Using offsets would be less efficient than pointers. But you would load and save the data structure in a snap.
It is possible to avoid the use of offset and use real pointers instead. To do this, you save the pointer value to the memory mapped file when you close the memory mapped file. When you load the memory mapped file, you would then have to adjust all pointers in the data structure by adding the offset of the pointer to the memory mapped file.
If the data structure is small, you could do it in one pass when the file is mapped into memory. If the data structure is big, you could do it in a lazy way and only fix pointers of struct when you access them for the first time.
Related
I have an unsigned char array in c++, and I want to save it's bits into a file.
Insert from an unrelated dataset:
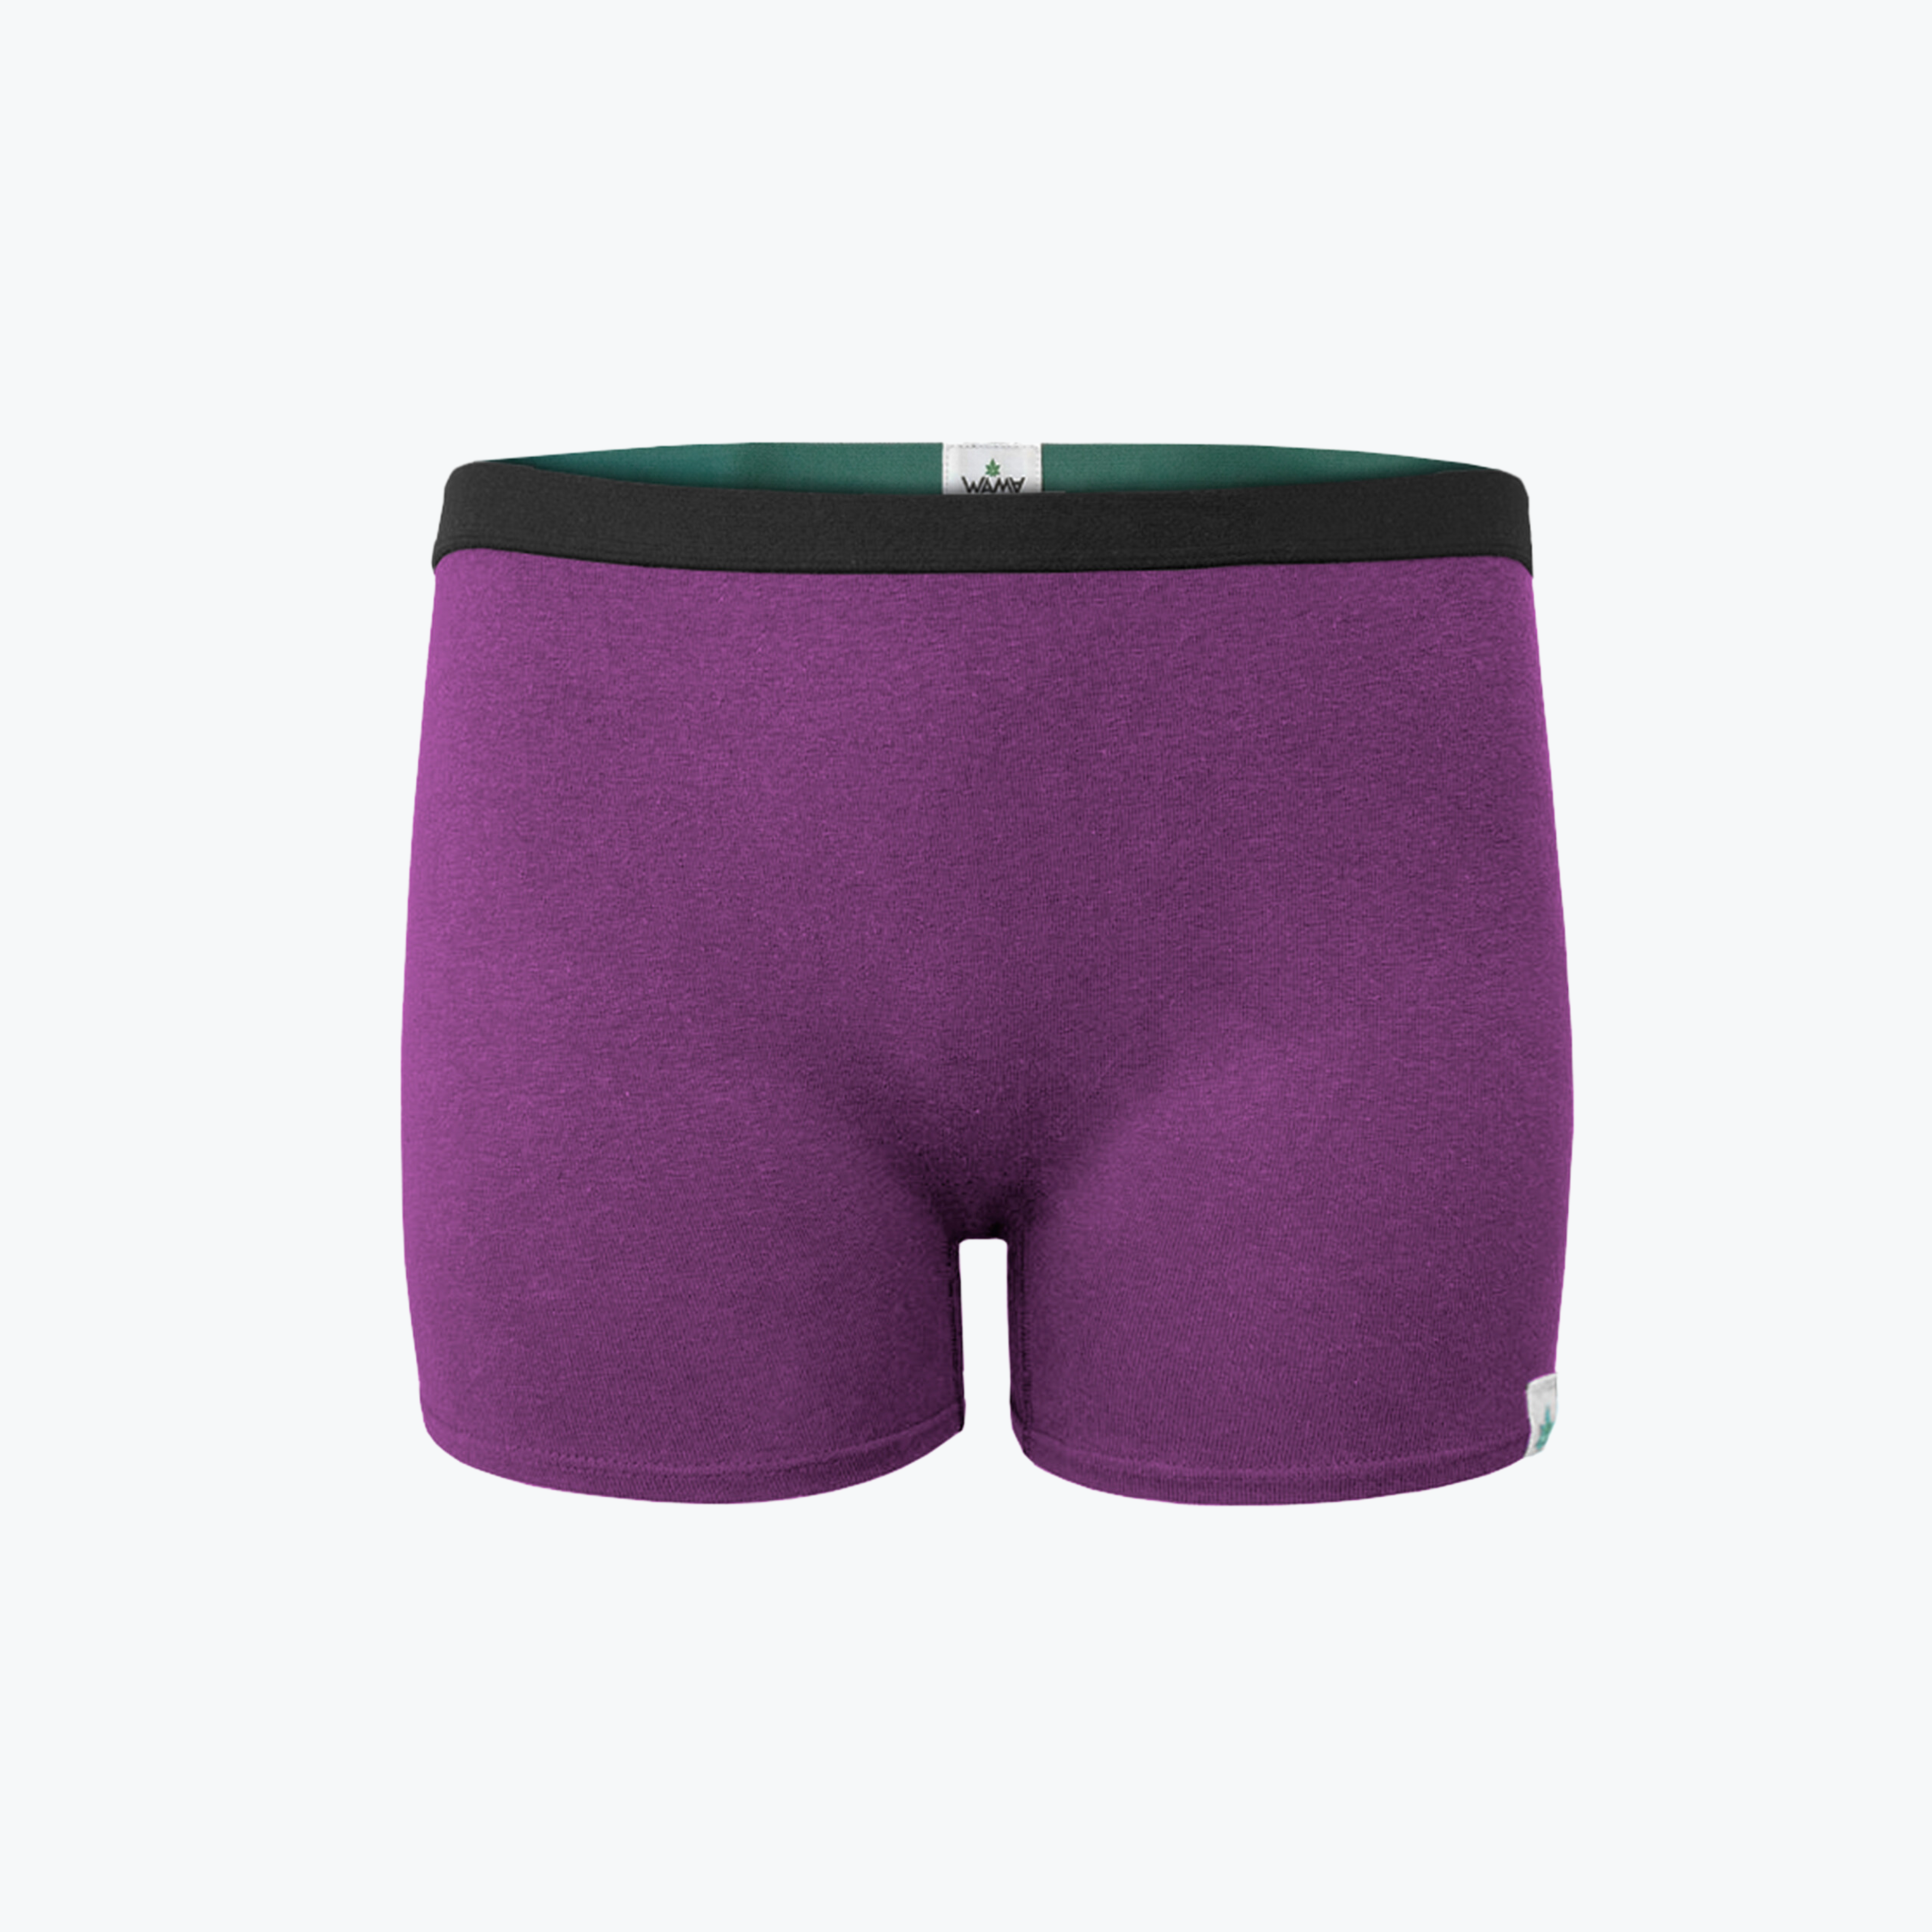 Buy SHINEMART Women's Boyshort Underwear Cotton Bloomer Briefs

So for example if I have the array below
arr[0] = 0;
arr[1] = 1;
arr[2] = 2;
I want to save this into the file so that the binary data of the file looks like this (without the spaces).
00000000 00000001 00000010
I have tried this code below but it doesn't seem to work. I give the program a blank file that is 0 bytes in size, and after the program runs the file remains 0 bytes in size (nothing gets written to it).
// Create unsigned char array
unsigned char *arrayToWrite= (unsigned char*)malloc(sizeof(unsigned char)*720);
// Populate it with some test values
arrayToWrite[0] = 0;
arrayToWrite[1] = 1;
arrayToWrite[2] = 2;
// Open the file I want to write to
FILE *dat;
dat = fopen("filePath.bin", "wb");
// Write array to file
fwrite(&arrayToWrite, sizeof(char)*720, 1, dat);
fclose(dat);
I would expect after this program runs that the file "filePath.bin" would be 720 bytes long filled with mostly 0's except for the first and second position I filled with test data.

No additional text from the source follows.